La descente aux enfers du pays est dans une très large mesure l'œuvre des dirigeants issus de ce parti. Le temps jugera ceux qui en firent une police politique pour réduire des patriotes au silence et tous les usurpateurs qui, au nom d'une violente et pseudo “légitimité révolutionnaire”, ont embastillé le FLN et hypothéqué l’avenir des générations passées, présentes et futures. Le Vrai, l’Historique FLN est devenu un sigle honni. Quel sacrilège ! Sauvons le FLN de Didouche, de Ben Boulaïd, de Abane, de Ben M’hidi…, celui des chouhada et des authentiques moudjahidine.

Rendons le FLN au FLN. À sa glorieuse Histoire. Ne plus permettre qu'il soit traîné dans la boue ! Nos meilleurs étudiants n’arrivent que difficilement à faire la différence entre l’un et l’autre FLN tant leur esprit a été pollué par une phraséologie qu’ils portent comme une camisole. Pour les sortir de l’épais brouillard de cette condamnable manipulation scientifique, nous avons introduit dans nos conférences l’adjectif “historique” pour désigner le FLN de 54-62.

L’actuel secrétaire général de l’Organisation nationale des moudjahidine (ONM) – une organisation de masse des plus officielles et des plus présentes sur la scène nationale, faiseuse à sa manière des présidents de la République – a été bien inspiré par le souffle du Hirak en relevant et en dénonçant l'infâme imposture dont a été victime le FLN. La dissolution pure et simple à laquelle il a appelé n'est qu'un juste retour des choses. Une première manche vient d’être remportée, la seconde suivra avec le temps qui s’accélère. 

Enseignements
Deux enseignements au moins sont à mettre au compte de ce papier :
1- Décréter le 8 mai de chaque année “Journée nationale de la Mémoire”, il le fallait. Mais pour donner du sens à cette décision, il est impératif de mettre fin, en toute urgence, à la gestion policière des Archives nationales. Comparer la fréquentation des salles de lecture des centres d'archives d'Oran, d'Alger et de Constantine des années 1970-1990 – qui étaient de véritables ruches, alors que le nombre d'étudiants était très en deçà de ce qu'il est à présent – à la fréquentation de ces mêmes salles aujourd'hui, c'est tout simplement le désert. Un véritable gâchis. Dans les locaux des Archives de la wilaya d'Alger ou de Birkhadem, on entendrait les mouches voler. Seul le discours est trompeur. La réalité ne s'exprime pas, elle s'observe.

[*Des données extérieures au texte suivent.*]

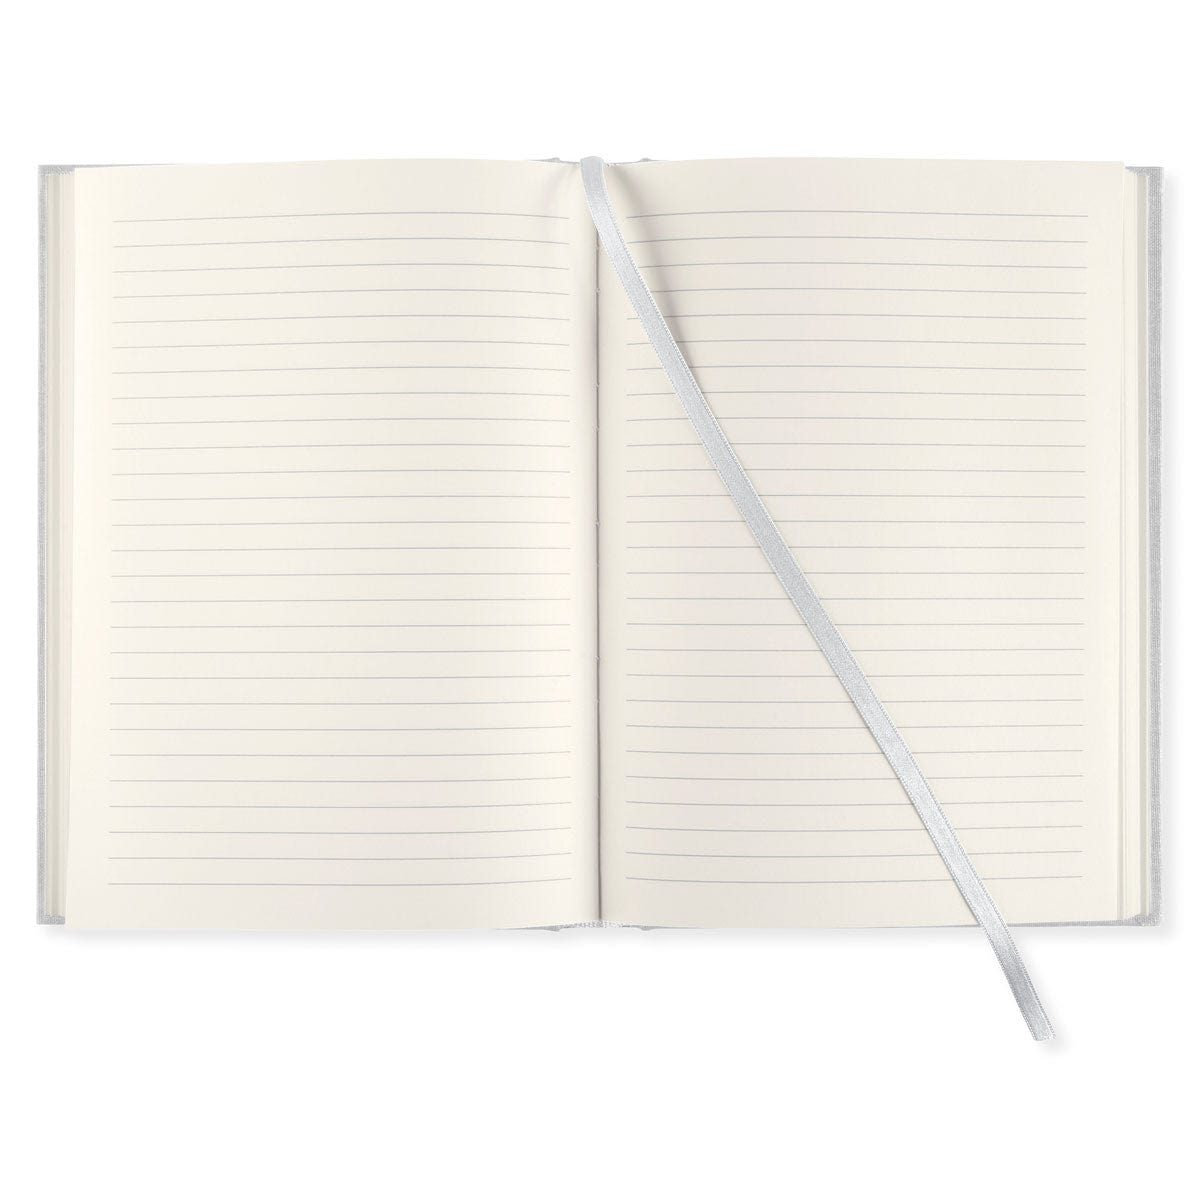 PaperStyle Paperstyle NOTEBOOK A5 128p. Ruled Red Twist
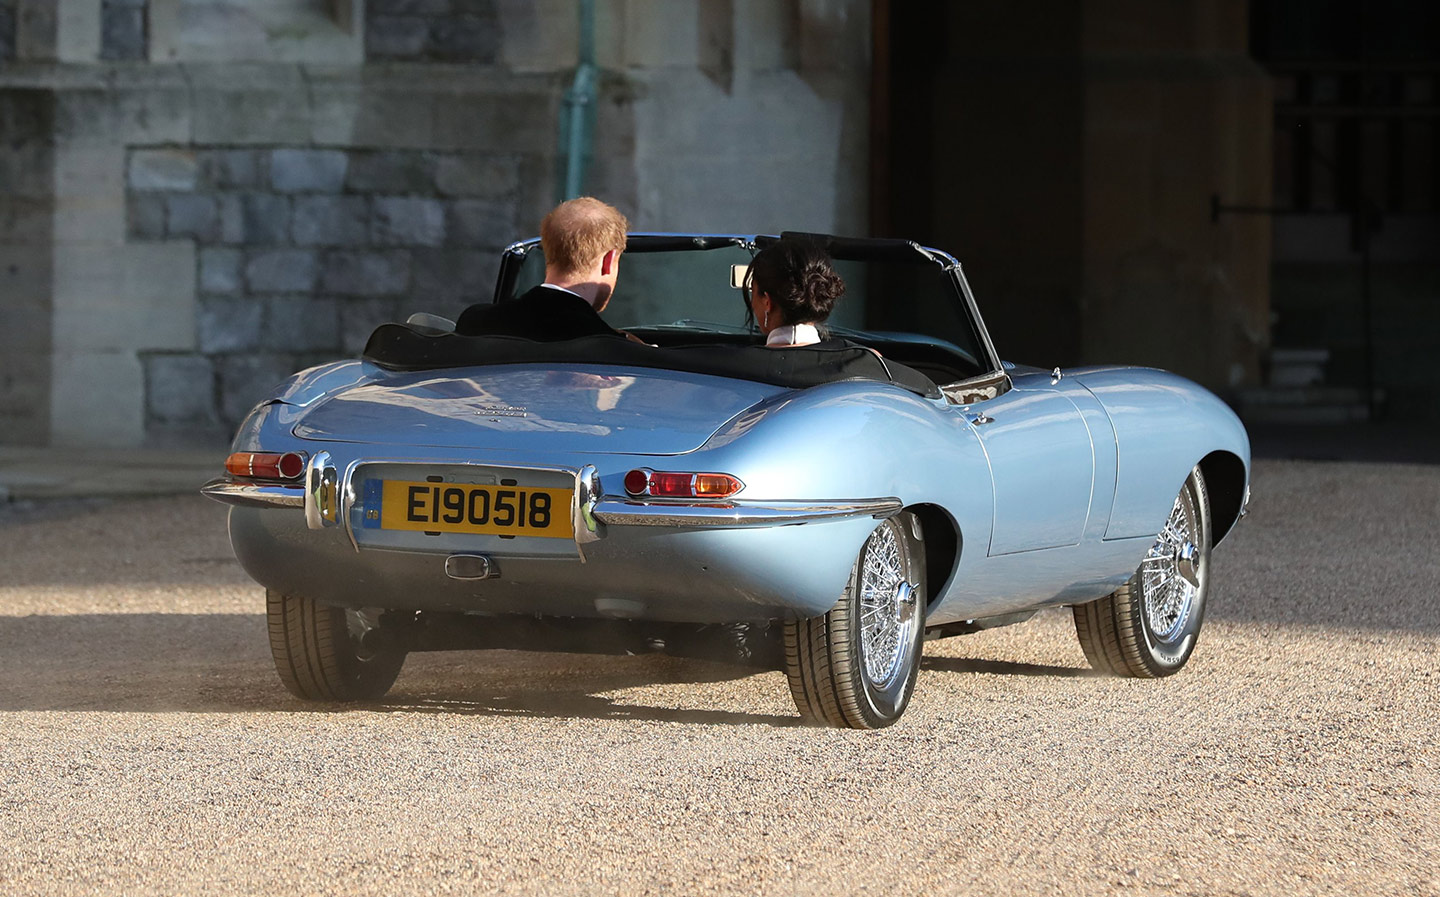 Video: Prince Harry and Meghan Markle drive electric Jaguar E-Type to Royal wedding reception

2- L’humilité est la mère des politiques. Se placer au-dessus de l’Histoire n’est qu’ignorance doublée d’arrogance. Pour avoir ignoré l’Histoire et n’avoir pas appris des erreurs de leurs prédécesseurs et de leurs propres erreurs, habités pour certains par la forme extrême de la mégalomanie, nos gouvernants ont récolté ce qu’ils ont semé, mais en plongeant, malheureusement, dans leur chute le pays dans l'incertain. Espérons que la rupture salvatrice initiée par le Hirak ne sera pas un simple coup d’épée dans l’eau. L’Algérie est à la croisée des chemins. Les Algériens l'espèrent. L’Histoire, à l’affût, jugera.